Moreover, some compounds designed and synthesized by analyzing the substrate-binding pocket of Mpro revealed anti-SARS-CoV-2 activity in Vero cell cultures. For example, the crystal structure of the complexes SARS-CoV-2 Mpro-11a (Figure 4D) and Mpro-11b indicated the presence of these substances inside the substrate-binding pocket and a similar inhibitory mechanism in which occurs the C–S covalent bond formation between Cys145 and these compounds .
Zhang et al. also developed an optimized α-ketamide inhibitor of SARS-CoV-2 Mpro. The X-ray crystal structure of α-ketoamide (compound 13b) in complex with SARSCoV-2 Mpro shows the compound at the catalytic site of each protomer, between the domains I and II (Figure 4E). Compound 13b effectively prevented the viral replication in cell-based assays and exhibits a favorable pharmacokinetic in vivo profile . Other work investigated boceprevir, GC-376, and calpain inhibitors effects on SARS-CoV-2 Mpro in enzymatic assays in cell cultures. The crystal structure of SARS-CoV-2 Mpro in complex with GC-376 also revealed molecular details on the GC-376 inhibition of the molecular target (Figure 4F) .
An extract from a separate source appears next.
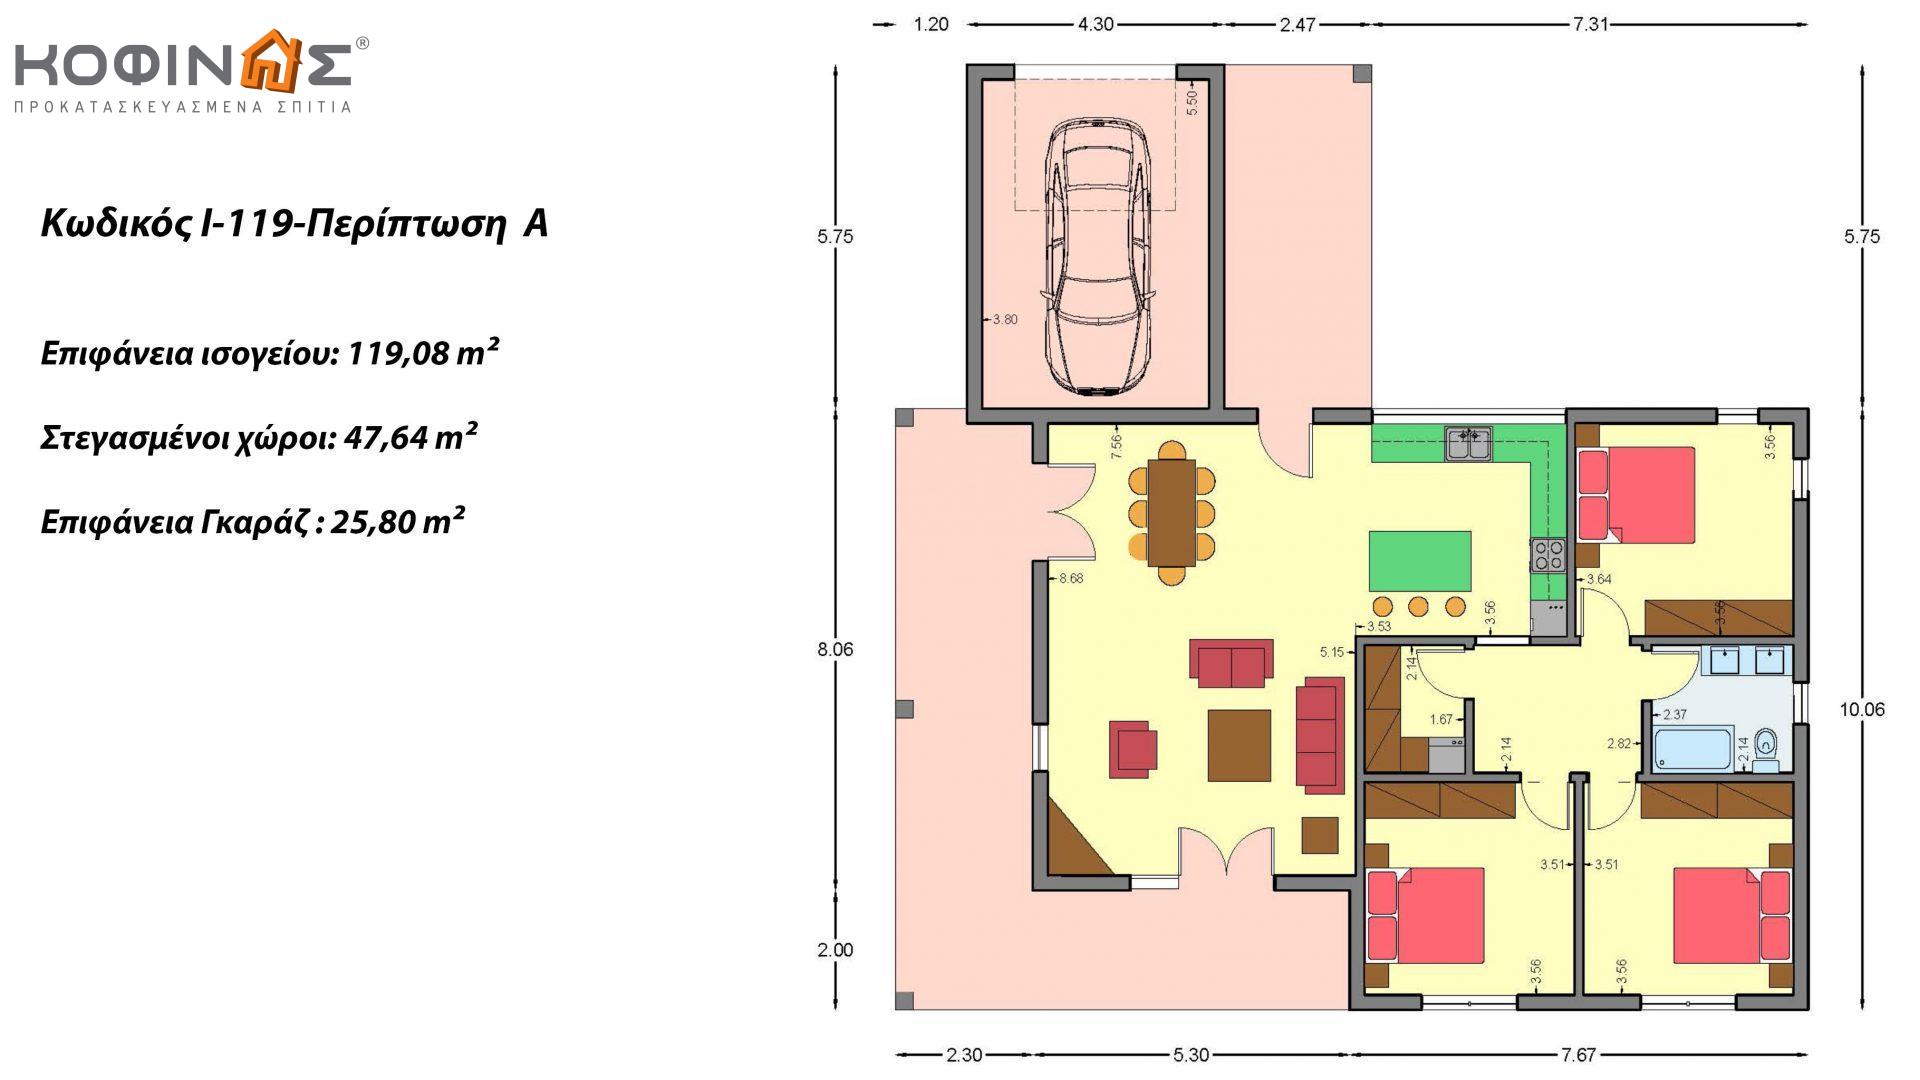 Ισόγεια Κατοικία I-119, συνολικής επιφάνειας 119,08 τ.μ., +Γκαράζ 25.80 m²(=144,88 m²),συνολική επιφάνεια στεγασμένων χώρων 47,64 τ.μ.

In addition to the studies above, several other structures of SARS-CoV-2 Mpro in complex with inhibitors have been deposited at the Protein Data Bank (PDB), such as a non-covalent inhibitor X77 (PDB ID: 6W63) (Figure 4G), narlaprevir (PDB ID: 7D10), boceprevir (PDB ID: 7COM), GRL-2420 (PDB ID: 7JKV) and UAW246 (PDB ID: 6XBG). However, most of these works have not so far been published in peer-reviewed papers.
Although additional research has also identified several inhibitors as promising drugs against SARS-COV-2 Mpro, further biochemical and structural analyses, as well as in vitro and in vivo bioassays are still required. For example, several investigations predicted various small-molecules, natural compounds and approved drugs [78–80] from VS of ZINC and DrugBank databases [81,82], in conjunction with the combination of molecular docking and MD studies . Focusing on drug repurposing, we can also highlight a study that apply molecular docking associated with the SCAR (steric-clashes alleviating receptors) protocol, which can help to discovery of covalent and non-covalent inhibitors in a docking model, solving, for example, steric conflicts between specific residues and reactive atoms in a screening . In addition, it can even be efficient in drug repurposing , another approach of interest facing the urgency of the COVID-19 pandemic scenario.
It is important to mention that other strategies can evaluate and predict important characteristics of potential candidates and inhibitors of SARS-CoV-2 targets, for example, pharmacokinetics (absorption, distribution, metabolism, and excretion—ADME) and toxicity or simply ADME-Tox properties. Hage-Melim et al. (2020) screened for potential Mpro inhibitors and the top 100 hits were evaluated by bidimensional structural similarity in order to assess their ADME-Tox properties, resulting in ten compounds, including potential repurposing drug candidates such as lopinavir, ritonavir, and remdesivir . Nonetheless, in a drug repurposing approach, this kind of evaluation may not be necessary, and a given candidate could proceed quickly to clinical trials, due to the previously assessed steps of an approved or licensed drug .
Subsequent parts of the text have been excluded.